Amos the alien

I think that I wrote a little post a while back about an actor I know in Hollywood who believes that he is a robot. Obviously, the fellow is mentally ill. I haven’t tallied the number of robots per mental institution around here, but I’m guessing that the condition, taken together with its mechanical specifics, is an unusual one. That actor is the only robot self-identifier that I’ve met, anyway.

Not so with aliens, and I’m not talking about my Mexican gardener. I am amazed at the number of professed non-humans that I know, and even work with. Take my friend Amos. Ask Amos at a cocktail party about his planet of origin and he will cheerfully tell you that he is not of this Earth. In Hollywood, at least, there are multiple extraterrestrials for every robot out of the closet.

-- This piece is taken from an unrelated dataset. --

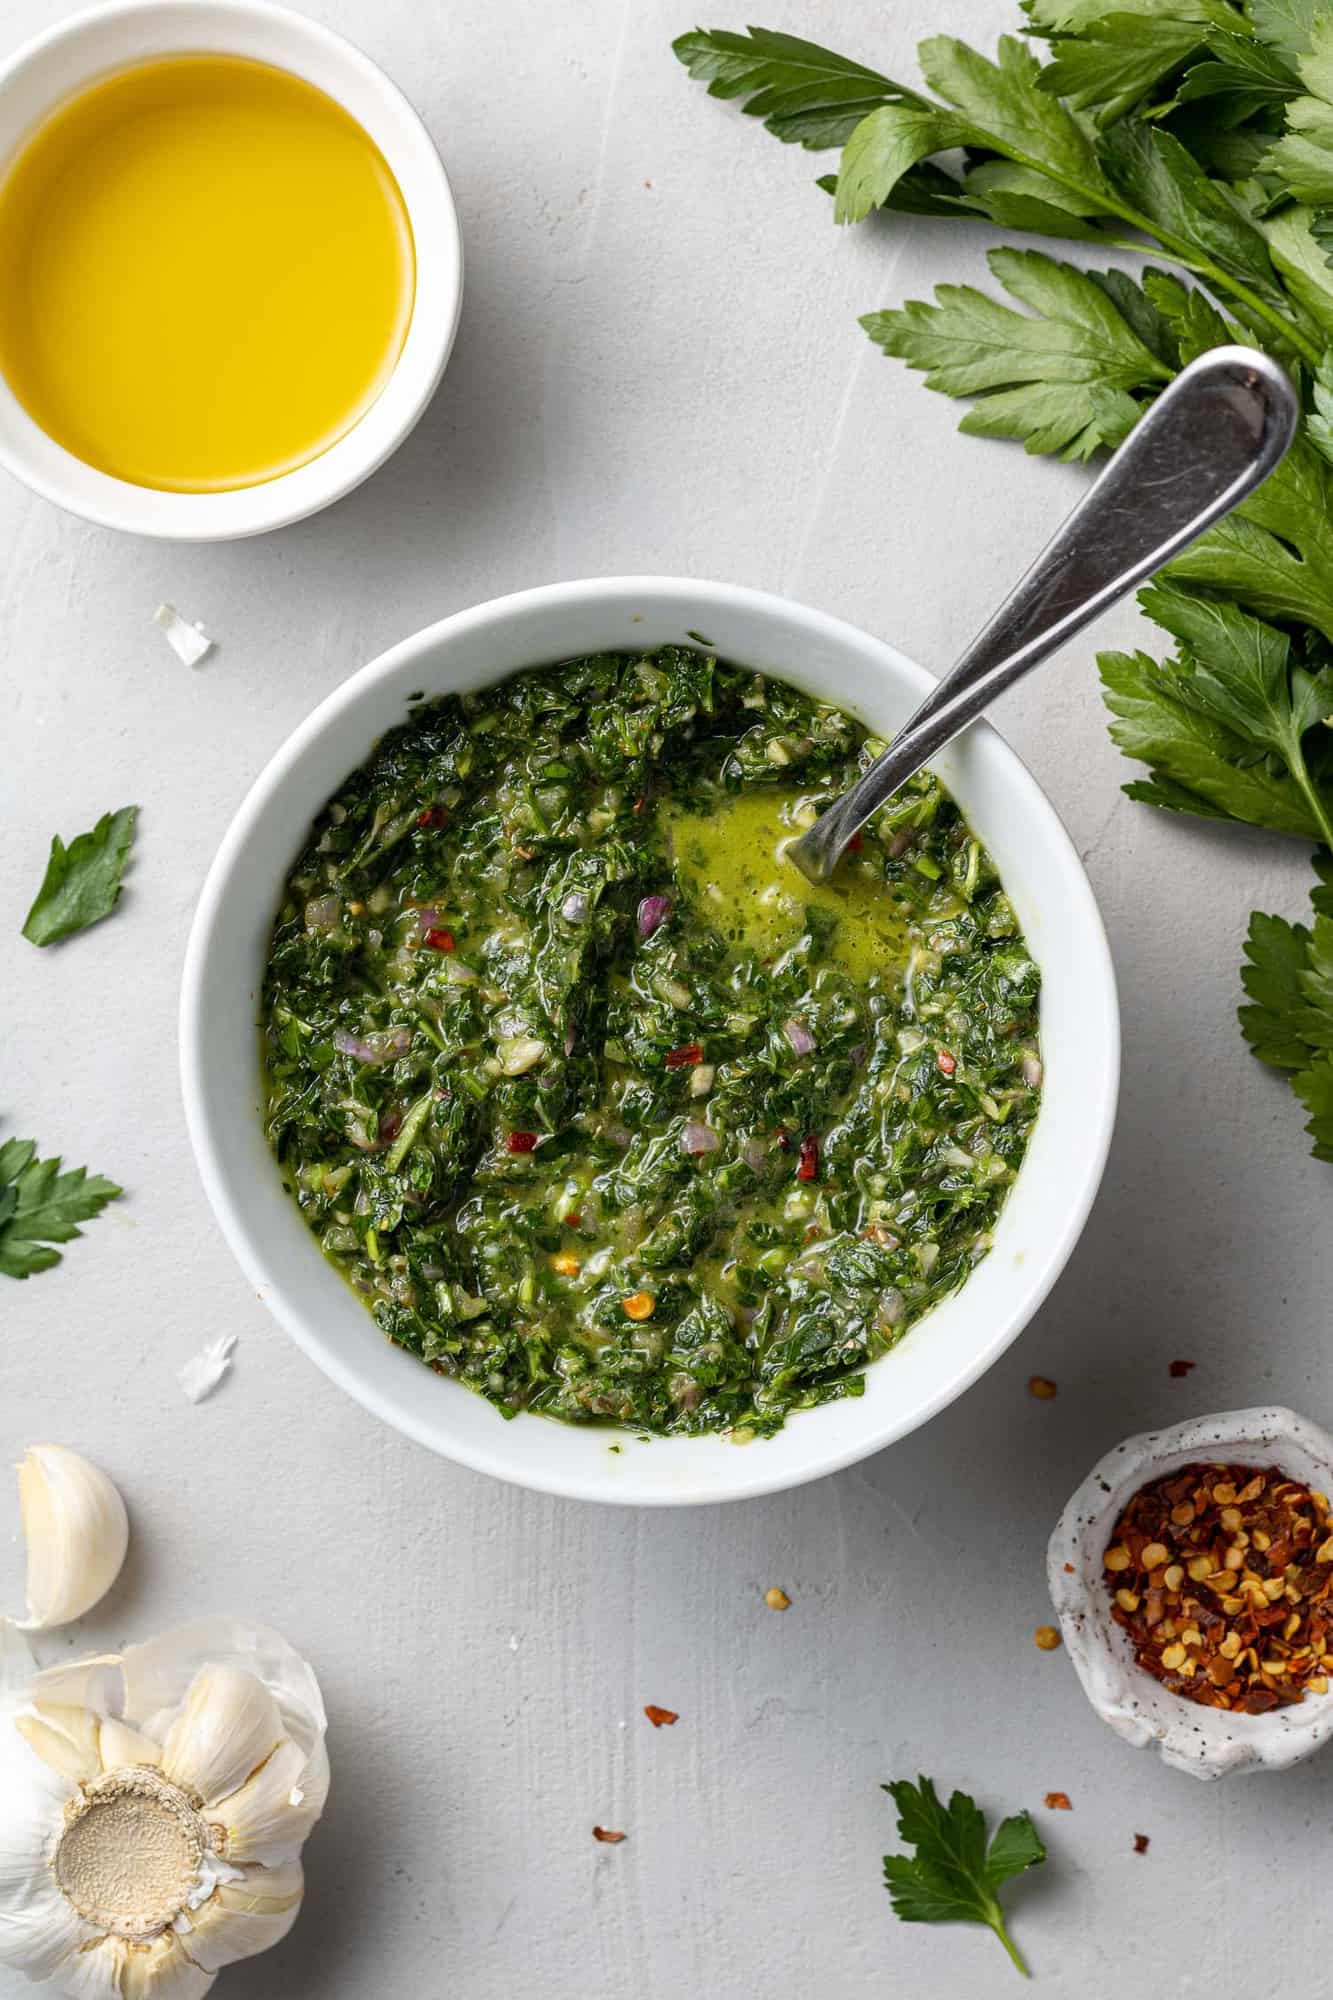 Overhead view of chimichurri sauce in a white bowl, surrounded by ingredients.

“You can’t interview me,” Amos told me one time, “but you can buy me a drink and we’ll enjoy a conversation and if you record what we say using that Droid you carry around in your back pocket, than I won’t hold it against you.”

Amos works as a greensman at Universal. He’s a specialized set dresser who deals with plants, real and artificial. Sometimes he reports to the art director and sometimes directly to the production designer. He’s got a green thumb. Literally. He lives in Glendale.

So we met at The Bar on Sunset one Tuesday night. Dark and noisy. We’re drinking Ice Bombs, which I can recommend. (Blue raspberry vodka, orange vodka, vodka, and Sprite. Lots of ice, of course.)

“Listen, Amos,” I said. “If you’re an alien, why don’t you keep it a secret?”

“Why should I? Nobody cares.”

“INS might.”

He laughed.

“Are you kidding? Amos Greenberg from Brooklyn? The guy the studio loves for his great sets?”

“What about picking up women?”

“Hasn’t hurt me, that I can notice. To tell you the truth, they get it in their minds that they’ll uncover the equipment and point to it and say, Looks pretty human to me, haha, but then when the moment of truth arrives, their mouths drop open and they say You’re right. That thing ain’t human. Not that I’m complaining! they say.”

“So what are you doing here? Besides dressing sets with ferns and palm leaves, I mean. Invading the planet?”

Again he laughed.

“Who’d want to invade this shithole?” he said.

“Hey, you’re talking about Hollywood here. Maybe Brooklyn’s not so hot, but show a little respect for the industry.”

Amos was shaking his head.

“You’ve turned your planet into a crockpot. What self-respecting alien would come down here and invade Detroit, for Christ’s sake.”

“So then what? Are you studying us? How we doing?”

“In what respect?” Amos said.

“The respect of advancing as a race. Of developing, evolving, reaching the point where we can zip around the galaxy or whatever, hanging out like you are.”

“Ninety-nine per cent of sentient races become extinct within, oh, a few thousand years of their initial technological breakthroughs.”

“That doesn’t sound good.”

“Humans are way too smart for their own good. They should have got smart slower, much slower, over hundreds of thousands of years. You’re still too much animal to survive, being this smart. You’ll come to an end quite soon, in one of the thousands of ways that you’ve developed, on purpose or inadvertantly, to kill yourselves off. It’s one of the reasons that Earth is so popular as a vacation spot. A visitor like me can act like an animal here, be quite bestial, quite instinctual, and yet still hang out with smart people. Nobody wants to take a vacation at the zoo… It makes me giddy just to think about it. When I come here, I can abuse drink and drugs, I can watch senseless, mindless acts of violence on film and TV and on playing fields and on the street. I can litter! I can drive around in cars spewing carbon, flicking my cigarette butts and beer cans out the window. Anything goes.

“Believe me, when I go home to a sane civilization, I immediately start counting the days left before I can come back here again. It’s like you, running down to TJ on a weekend to behave badly. I’ll be depressed for years after you’ve blown yourselves up, or poisoned yourselves, or screwed the pooch some other way. No pooch screwing on my planet.”

This news should have been depressing, but, after all,  the human race invented the Ice Bomb, and we drank enough of them to laugh off the whole thing, at least for the evening.